Casablanca, Morocco:As their smartphone screens lit up with ride requests last month, Uber drivers in the Moroccan city of Casablanca must have thought that business was booming.
Instead, they found themselves surrounded by irate local taxi drivers, who forced them from their vehicles and handed them over to the police, the latest in a string of protests in the kingdom against the controversial travel app.
“After the tramway, illegal drivers and now Uber, they are trying to kill us off,” said Abdelouahed, who works for a small local taxi firm. Uber launched in Morocco’s economic hub in 2015 but was banned by local authorities after just one month.
It has recently found itself the target of increasingly brash protests organised by owners of Casablanca’s famous tomato red cabs. “When you open Uber on your phone, you see drivers swarming around you like a virus,” said Nordine, a fifty-something driver sat on the hood of his taxi.
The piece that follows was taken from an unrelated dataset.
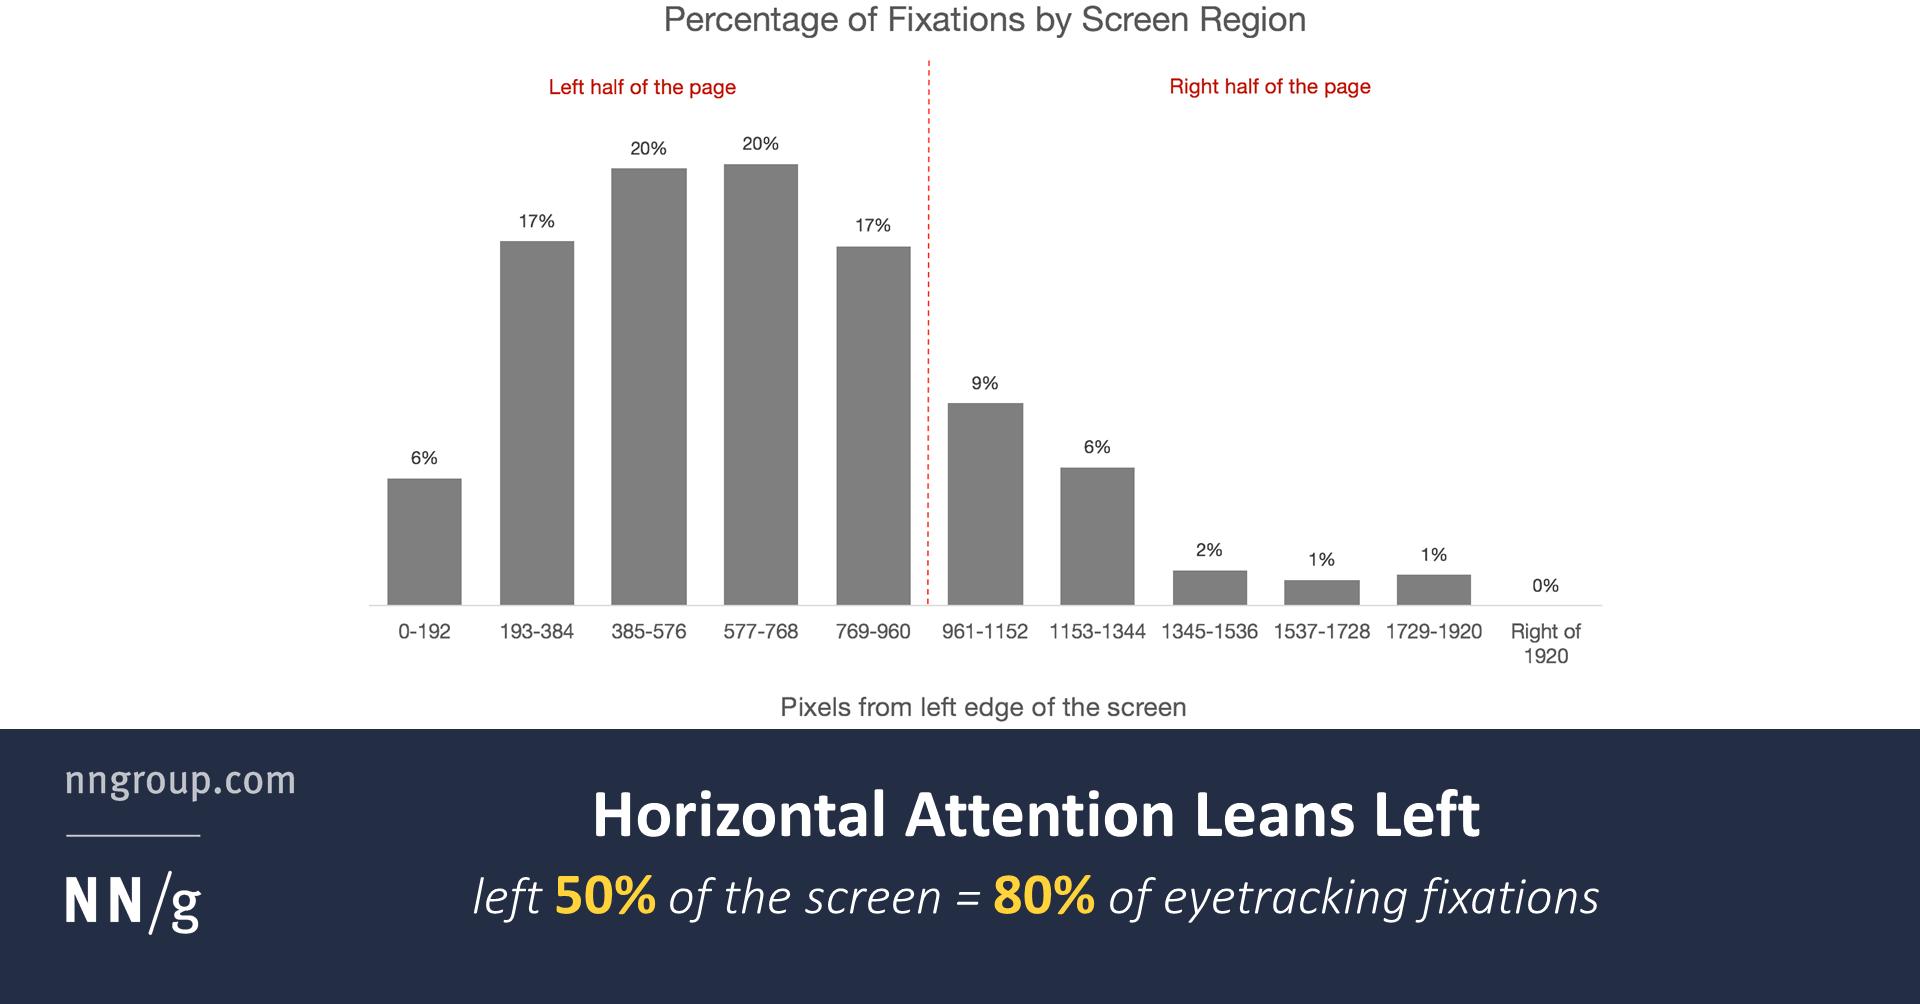 Horizontal Attention Leans Left

“And like a virus, you need radical solutions. Trap them.” In one protest last month, dozens of taxi drivers posed as would-be passengers, flooding the app with requests before forcing the Uber drivers from their vehicles, much to the bemusement of onlookers.
The management of taxis in Morocco normally falls to local government. The transport ministry has so far kept quiet as to why Uber continues to operate in the streets of Casablanca.
Local media said recently that as many as 30 separate protests against app drivers had been held, ranging from threats, car chases and even ambushes.